Go ahead and in the namespace option input your applications namespace.

Now you will see only the applications that you have created and are responsible for.

Auto-Sync vs Manual Pull policy

Taking a look at our application in ArgoCD, you will notice that the status of the application will now show as “out of sync”. (And if it doesn’t yet, please just manually trigger a Refresh.) As we have pushed changes to the repository that are not yet present in the deployed version of the application, ArgoCD notices the discrepancy and displays the application as out of sync.

Why does it not continuously deploy the new status of our application?

That is because when we deployed our application, we chose to opt in for manual syncing. Thus, ArgoCD will notice and inform you that an application is out of sync with the changes made to the repo, but leaves it up to you to decide when to update it.

When choosing the Auto-Sync option in the application configuration, ArgoCD will switch to, as the name implies, automatically synchronize and update the deployed application whenever changes to the repository are made.

Let’s test the Auto-Sync option by going “into” your application tab and then to the App Details in the top-left corner, then scrolling down and enabling Auto-Sync.

Now you should see that the application in ArgoCD changes its status to Syncing and after a short time it should change it to Healthy as well.

What has changed

Let’s take a closer look at the newly deployed application and at the difference in comparison to the initial setup. So open the details on the deployed storage application to view the components and try to spot which ones are new or different.

We’ll include the two setups here as well for a quick comparison.

You should notice that the storage setup includes a new component: postgres-db-data of type pvc (persistent volume claim).

Add Ingress capabilities

Let’s make a further change to the deployed application. During this section of the exercise our goal is to extend the application with the Ingress networking capabilities as you have learned in the corresponding kubernetes chapter .

As you might have noticed, the todoui-service in the todolist-initial and todolist-storage setup was changed to ClusterIP instead of LoadBalancer, meaning that it currently is not directly exposed. Therefore we currently have no means to access the UI directly. To change that, we want to modify the application once more to expose the UI via Ingress.

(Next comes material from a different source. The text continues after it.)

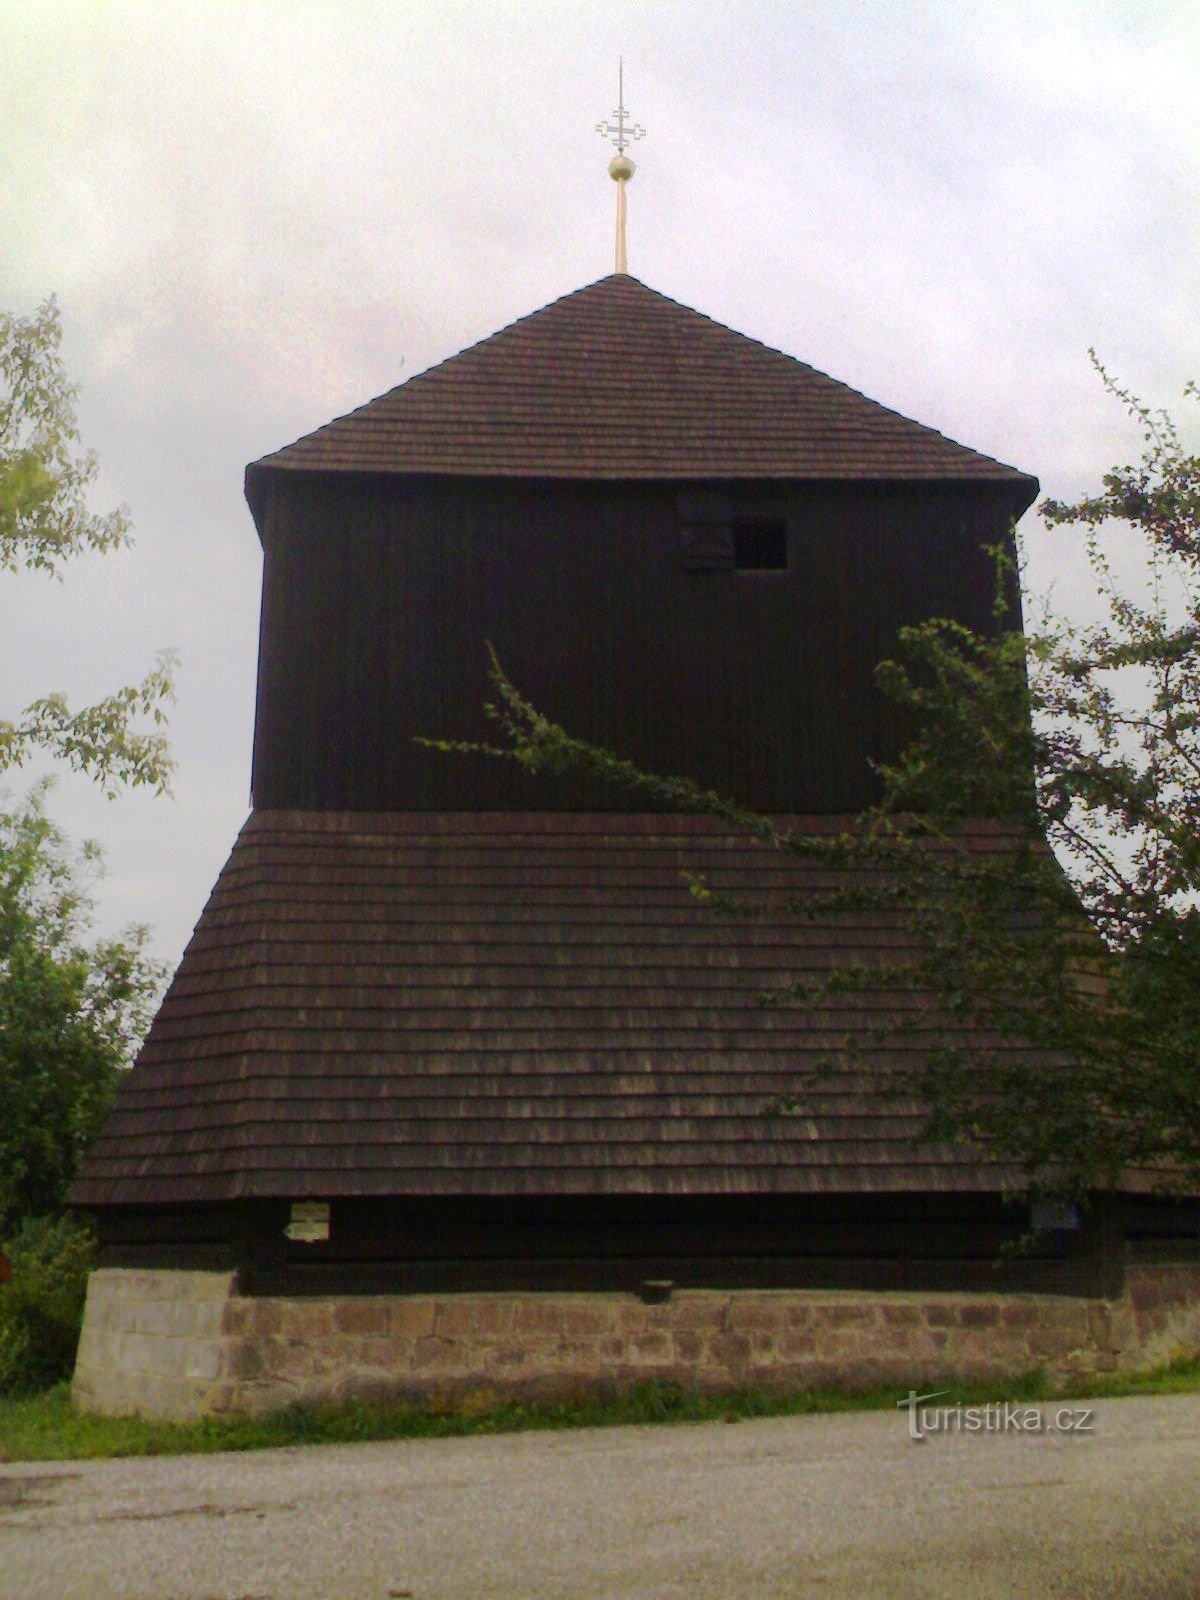 Rovensko pod Troskami - drewniana dzwonnica

In our repository, create a new yaml file todoui-ingress.yaml within the todolist-app directory and try to fill it yourself in order to expose the todoui service using Ingress.

Again you can either use the Web IDE or the VMs terminal.

Solution

Here is a possible solution for an Ingress yaml. Make sure to fill the blanks (----) with the correct name (e.g. studentX-todoui) and host definition. If you don’t have your own domain available for configuring DNS (and most probably you don’t), let’s just make use of [nip.io][nip-io]’s wildcard DNS: Determine which external IP address the Ingress Controller pre-deployed to the Kubernetes cluster has (or ask your instructor to simply tell you) and configure the host to studentX.<ingress_ip>.nip.io (make sure to also replace your studentId).

apiVersion: networking.k8s.io/v1
kind: Ingress
metadata:
  name: ------
spec:
  ingressClassName: nginx
  rules:
    - host: ---------------
      http:
        paths:
          - backend:
              service:
                name: todoui
                port:
                  number: 8090
            path: /
            pathType: Prefix

Commit and push your changes to your fork. Now you should soon see that the todolist-app application will display out of sync message.

If the application is still set to Auto-Sync it should start the sync process right away. Otherwise, sync it manually once more and wait until the sync finishes.

After some time you should see a that the application was extended with the Ingress component.

The hyperlink-icon within that component should get you to the UI. It is the very same host that you have configured in your Ingress ressource, of course.

Congratulations! You’ve successfully deployed your application and made it accessible from the outside world.